DATA SHOWN section start

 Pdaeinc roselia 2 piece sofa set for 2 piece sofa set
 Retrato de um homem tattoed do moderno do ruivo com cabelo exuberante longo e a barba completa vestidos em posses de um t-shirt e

DATA SHOWN section end
DATA SHOWN section start

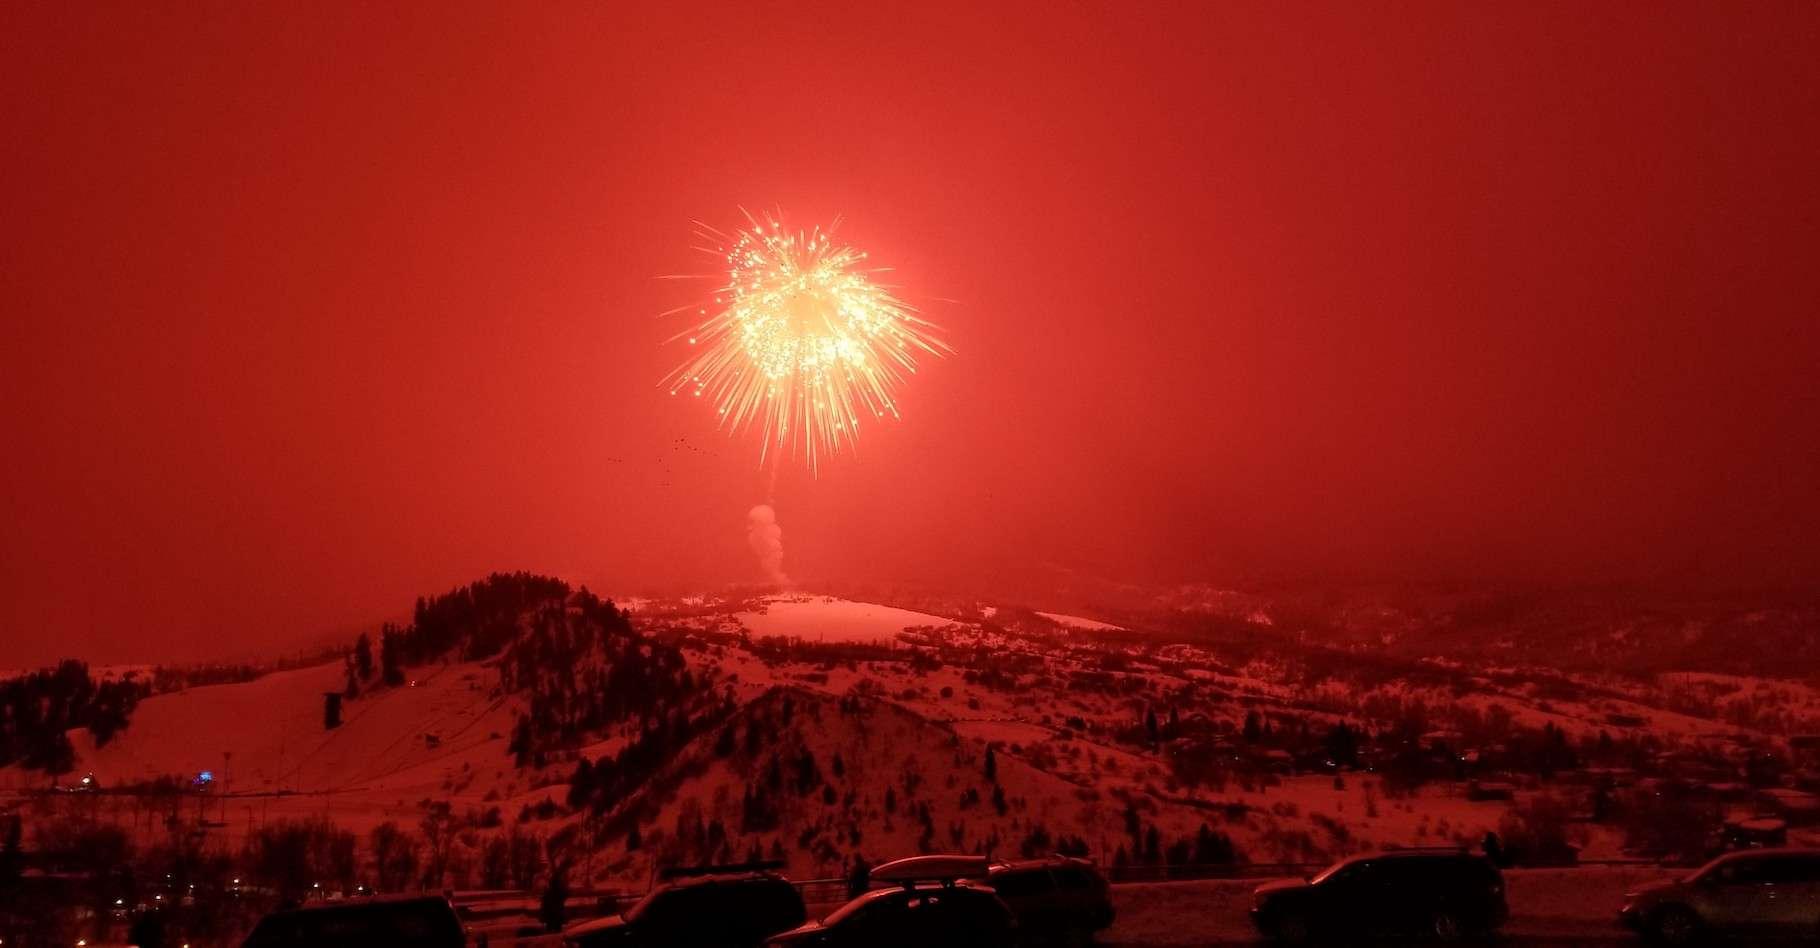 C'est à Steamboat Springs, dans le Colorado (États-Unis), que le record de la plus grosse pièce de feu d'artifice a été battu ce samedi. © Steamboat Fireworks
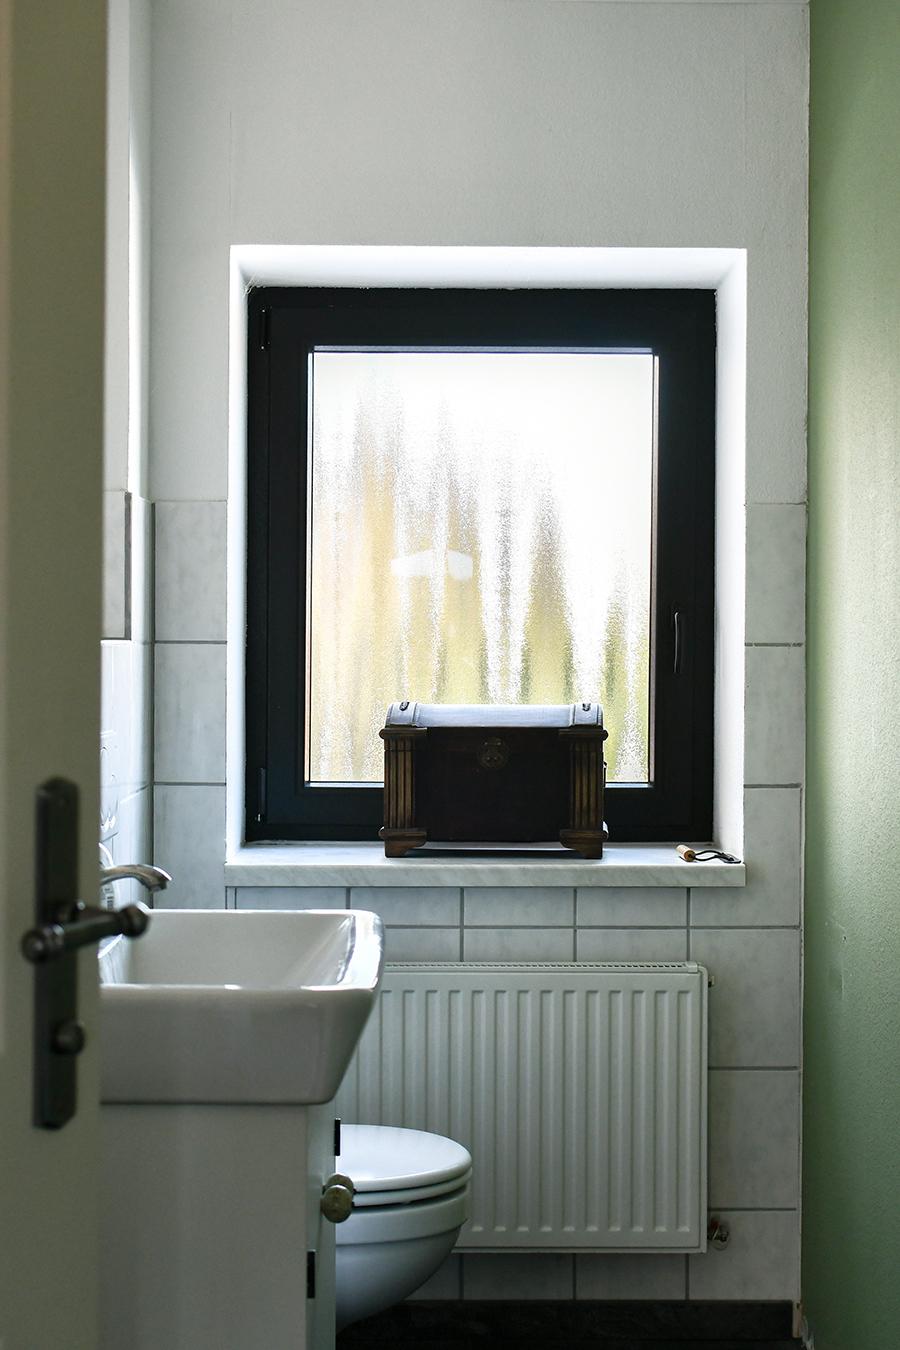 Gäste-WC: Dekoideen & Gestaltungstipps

DATA SHOWN section end

> **WHAT IS NEEDED**
From the records above, give again exactly the lines running from the line with "Pdaeinc roselia 2" to the line with "Retrato de um", inclusive.

> **WRITTEN RESPONSE**
 Pdaeinc roselia 2 piece sofa set for 2 piece sofa set
 Retrato de um homem tattoed do moderno do ruivo com cabelo exuberante longo e a barba completa vestidos em posses de um t-shirt e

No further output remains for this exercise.